▸ **PROBLEM**
Repeat every line of the material, character for character.

══════

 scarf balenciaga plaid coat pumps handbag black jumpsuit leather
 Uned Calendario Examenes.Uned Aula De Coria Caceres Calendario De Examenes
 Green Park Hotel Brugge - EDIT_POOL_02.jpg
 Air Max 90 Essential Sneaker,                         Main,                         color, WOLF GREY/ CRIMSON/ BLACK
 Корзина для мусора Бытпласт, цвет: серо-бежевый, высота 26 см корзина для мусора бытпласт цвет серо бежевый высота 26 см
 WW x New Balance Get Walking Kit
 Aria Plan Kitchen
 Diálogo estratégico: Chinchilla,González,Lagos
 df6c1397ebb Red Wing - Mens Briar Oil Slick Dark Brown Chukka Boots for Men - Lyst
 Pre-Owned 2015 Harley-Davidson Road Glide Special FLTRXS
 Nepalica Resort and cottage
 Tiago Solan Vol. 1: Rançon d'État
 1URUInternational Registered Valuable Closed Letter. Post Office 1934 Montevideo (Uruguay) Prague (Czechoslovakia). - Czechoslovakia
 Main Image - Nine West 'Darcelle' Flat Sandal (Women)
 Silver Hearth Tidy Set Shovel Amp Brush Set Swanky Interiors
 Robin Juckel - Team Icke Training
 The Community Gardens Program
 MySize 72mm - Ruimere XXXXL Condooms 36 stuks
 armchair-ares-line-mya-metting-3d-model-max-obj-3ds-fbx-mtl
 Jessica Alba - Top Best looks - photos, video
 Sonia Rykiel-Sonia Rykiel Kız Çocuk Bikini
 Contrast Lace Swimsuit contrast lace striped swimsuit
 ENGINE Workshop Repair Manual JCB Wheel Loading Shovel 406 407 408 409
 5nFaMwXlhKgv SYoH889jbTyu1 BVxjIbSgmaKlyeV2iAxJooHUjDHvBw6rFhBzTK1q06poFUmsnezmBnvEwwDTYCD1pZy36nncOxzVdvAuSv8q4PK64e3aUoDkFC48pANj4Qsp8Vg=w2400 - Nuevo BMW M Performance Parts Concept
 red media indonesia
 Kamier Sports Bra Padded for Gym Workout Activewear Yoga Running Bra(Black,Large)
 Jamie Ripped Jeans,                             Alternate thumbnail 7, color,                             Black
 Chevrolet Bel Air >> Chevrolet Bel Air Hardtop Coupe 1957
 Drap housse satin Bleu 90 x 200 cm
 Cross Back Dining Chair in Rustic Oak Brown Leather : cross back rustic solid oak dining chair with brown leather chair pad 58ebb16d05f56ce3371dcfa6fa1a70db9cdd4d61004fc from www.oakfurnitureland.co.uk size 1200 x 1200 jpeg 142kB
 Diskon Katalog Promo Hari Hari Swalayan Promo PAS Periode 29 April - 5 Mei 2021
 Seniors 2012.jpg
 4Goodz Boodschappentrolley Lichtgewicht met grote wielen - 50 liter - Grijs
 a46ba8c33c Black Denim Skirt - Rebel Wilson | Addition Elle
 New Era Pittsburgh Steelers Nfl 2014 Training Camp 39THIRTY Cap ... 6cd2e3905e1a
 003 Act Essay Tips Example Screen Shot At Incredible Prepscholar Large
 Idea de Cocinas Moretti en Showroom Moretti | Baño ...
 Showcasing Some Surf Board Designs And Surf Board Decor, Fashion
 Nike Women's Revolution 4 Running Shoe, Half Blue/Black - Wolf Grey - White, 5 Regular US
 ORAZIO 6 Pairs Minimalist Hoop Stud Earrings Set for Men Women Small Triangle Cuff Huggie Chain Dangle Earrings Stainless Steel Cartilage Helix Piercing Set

══════

▸ **RESULT**
 scarf balenciaga plaid coat pumps handbag black jumpsuit leather
 Uned Calendario Examenes.Uned Aula De Coria Caceres Calendario De Examenes
 Green Park Hotel Brugge - EDIT_POOL_02.jpg
 Air Max 90 Essential Sneaker,                         Main,                         color, WOLF GREY/ CRIMSON/ BLACK
 Корзина для мусора Бытпласт, цвет: серо-бежевый, высота 26 см корзина для мусора бытпласт цвет серо бежевый высота 26 см
 WW x New Balance Get Walking Kit
 Aria Plan Kitchen
 Diálogo estratégico: Chinchilla,González,Lagos
 df6c1397ebb Red Wing - Mens Briar Oil Slick Dark Brown Chukka Boots for Men - Lyst
 Pre-Owned 2015 Harley-Davidson Road Glide Special FLTRXS
 Nepalica Resort and cottage
 Tiago Solan Vol. 1: Rançon d'État
 1URUInternational Registered Valuable Closed Letter. Post Office 1934 Montevideo (Uruguay) Prague (Czechoslovakia). - Czechoslovakia
 Main Image - Nine West 'Darcelle' Flat Sandal (Women)
 Silver Hearth Tidy Set Shovel Amp Brush Set Swanky Interiors
 Robin Juckel - Team Icke Training
 The Community Gardens Program
 MySize 72mm - Ruimere XXXXL Condooms 36 stuks
 armchair-ares-line-mya-metting-3d-model-max-obj-3ds-fbx-mtl
 Jessica Alba - Top Best looks - photos, video
 Sonia Rykiel-Sonia Rykiel Kız Çocuk Bikini
 Contrast Lace Swimsuit contrast lace striped swimsuit
 ENGINE Workshop Repair Manual JCB Wheel Loading Shovel 406 407 408 409
 5nFaMwXlhKgv SYoH889jbTyu1 BVxjIbSgmaKlyeV2iAxJooHUjDHvBw6rFhBzTK1q06poFUmsnezmBnvEwwDTYCD1pZy36nncOxzVdvAuSv8q4PK64e3aUoDkFC48pANj4Qsp8Vg=w2400 - Nuevo BMW M Performance Parts Concept
 red media indonesia
 Kamier Sports Bra Padded for Gym Workout Activewear Yoga Running Bra(Black,Large)
 Jamie Ripped Jeans,                             Alternate thumbnail 7, color,                             Black
 Chevrolet Bel Air >> Chevrolet Bel Air Hardtop Coupe 1957
 Drap housse satin Bleu 90 x 200 cm
 Cross Back Dining Chair in Rustic Oak Brown Leather : cross back rustic solid oak dining chair with brown leather chair pad 58ebb16d05f56ce3371dcfa6fa1a70db9cdd4d61004fc from www.oakfurnitureland.co.uk size 1200 x 1200 jpeg 142kB
 Diskon Katalog Promo Hari Hari Swalayan Promo PAS Periode 29 April - 5 Mei 2021
 Seniors 2012.jpg
 4Goodz Boodschappentrolley Lichtgewicht met grote wielen - 50 liter - Grijs
 a46ba8c33c Black Denim Skirt - Rebel Wilson | Addition Elle
 New Era Pittsburgh Steelers Nfl 2014 Training Camp 39THIRTY Cap ... 6cd2e3905e1a
 003 Act Essay Tips Example Screen Shot At Incredible Prepscholar Large
 Idea de Cocinas Moretti en Showroom Moretti | Baño ...
 Showcasing Some Surf Board Designs And Surf Board Decor, Fashion
 Nike Women's Revolution 4 Running Shoe, Half Blue/Black - Wolf Grey - White, 5 Regular US
 ORAZIO 6 Pairs Minimalist Hoop Stud Earrings Set for Men Women Small Triangle Cuff Huggie Chain Dangle Earrings Stainless Steel Cartilage Helix Piercing Set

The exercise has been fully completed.